The Simple Way Taylor Swift Combats Unhealthy Thoughts & Calms Her Mind

When it comes to Taylor Swift’s hit singles and concert tours, she seems to hold nothing back. From penning songs about her exes (“Dear John” was pretty obvious) to releasing vulnerable, narrative tracks (“The Archer” is incredibly self-aware), Swift truly leaves it all on the stage. But there’s one aspect of Swift’s life she’s kept quiet for a long time—until now.
In her new Netflix documentary, Miss Americana, Swift opens up about her struggles with an eating disorder. The documentary, which premiered last night at the 2020 Sundance Film Festival, discusses Swift’s journey with her eating disorder, along with before-and-after photos to demonstrate how thin she was between the “1989” album era and the more recent “Reputation” tour in 2017.
Despite those stark changes we’ll see on-screen, Swift kept her struggles to herself during that period: In the film, Swift recounts that a few times when she would see “a picture of me where I feel like I looked like my tummy was too big, or someone said that I looked pregnant, that’ll just trigger me to just starve a little bit—just stop eating.”

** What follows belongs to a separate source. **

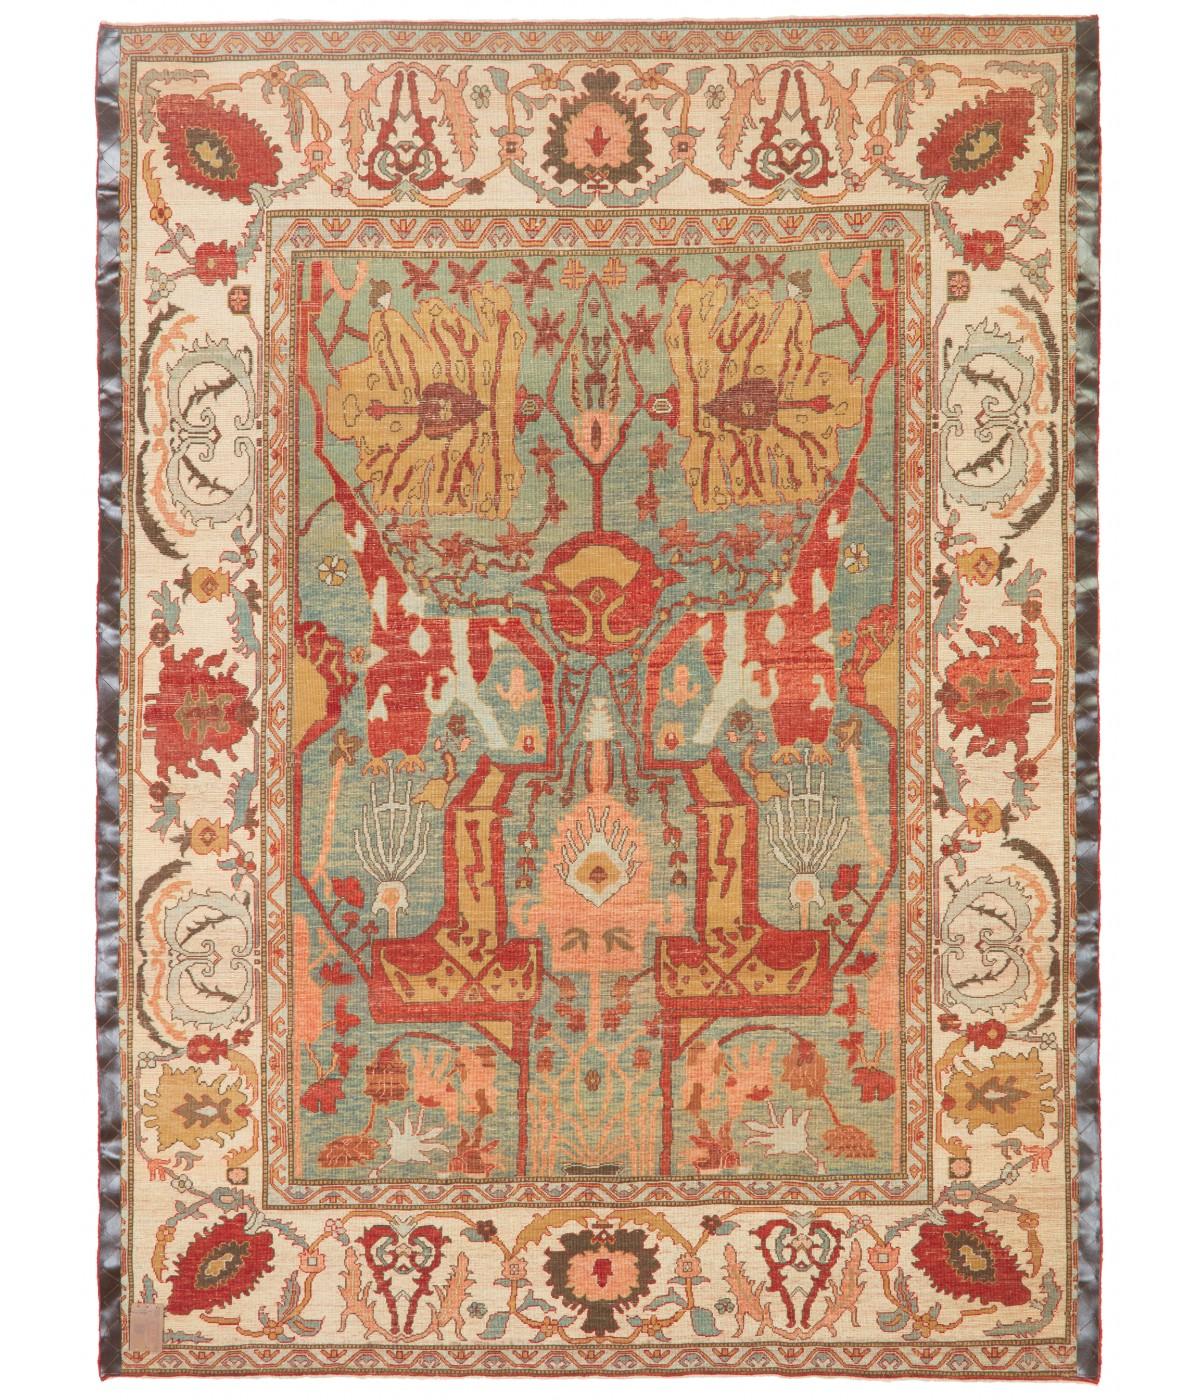 Die Quelle des Teppichs stammt aus dem Buch Islamic Carpets, Joseph V. McMullan, Near Eastern Art Research Center Inc. 1965, New York, Nr. 22. Dies ist ein System von Teppichen mit Arabeskenmuster aus dem 19. Jahrhundert aus der Region Gerous

“My relationship with food was exactly the same psychology that I applied to everything else in my life: If I was given a pat on the head, I registered that as good. If I was given a punishment, I registered that as bad,” she said in an interview. Meaning, when she was praised in magazine headlines and in comments on social media for her thin figure, those unhealthy behaviors only became stronger.
For Swift, having a mantra is what keeps her healthy.
While Swift is in a much better place than she was in 2014, she still experiences feelings of discomfort and shame from time to time. When Swift feels herself succumbing to this unhealthy mindset, the singer turns to what she knows best: lyrics.
“I love people like (actress and activist) Jameela Jamil, because she says things in a really articulate way,” Swift explains. “The way she speaks about body image…I swear the way she speaks is like lyrics, and it gets stuck in my head, and it calms me down.”
Swift, an ardent fan of the British actress, model, and activist, uses her words as a mantra whenever she’s becoming a little too hard on herself. Jamil created the body-positive “I Weigh” Instagram movement back in 2018, and she’s been a champion of quelling detox diets and eating disorder culture. (“Cutting out toxic people online and offline is the only Elimination Diet you need this year,” she tweeted earlier this month.)
Swift also encourages other young women to find a mantra to help bring them out of their own whirlwind of unhealthy thoughts.
“Women are held to such a ridiculous standard of beauty. We’re seeing so much on social media that makes us feel like we are less than, or we’re not what we should be, that you kind of need a mantra to repeat in your head when you start to have harmful or unhealthy thoughts, she says in the interview.”
So, whether you internalize Jamil’s sharp insights and witty one-liners, or you’re inspired by Swift’s vulnerable song lyrics, find any sort of mantra that works for you. As for Swift, she’s doing her best to calm her mind with those mantras and positive affirmations—and to help her fans with similar struggles in the process.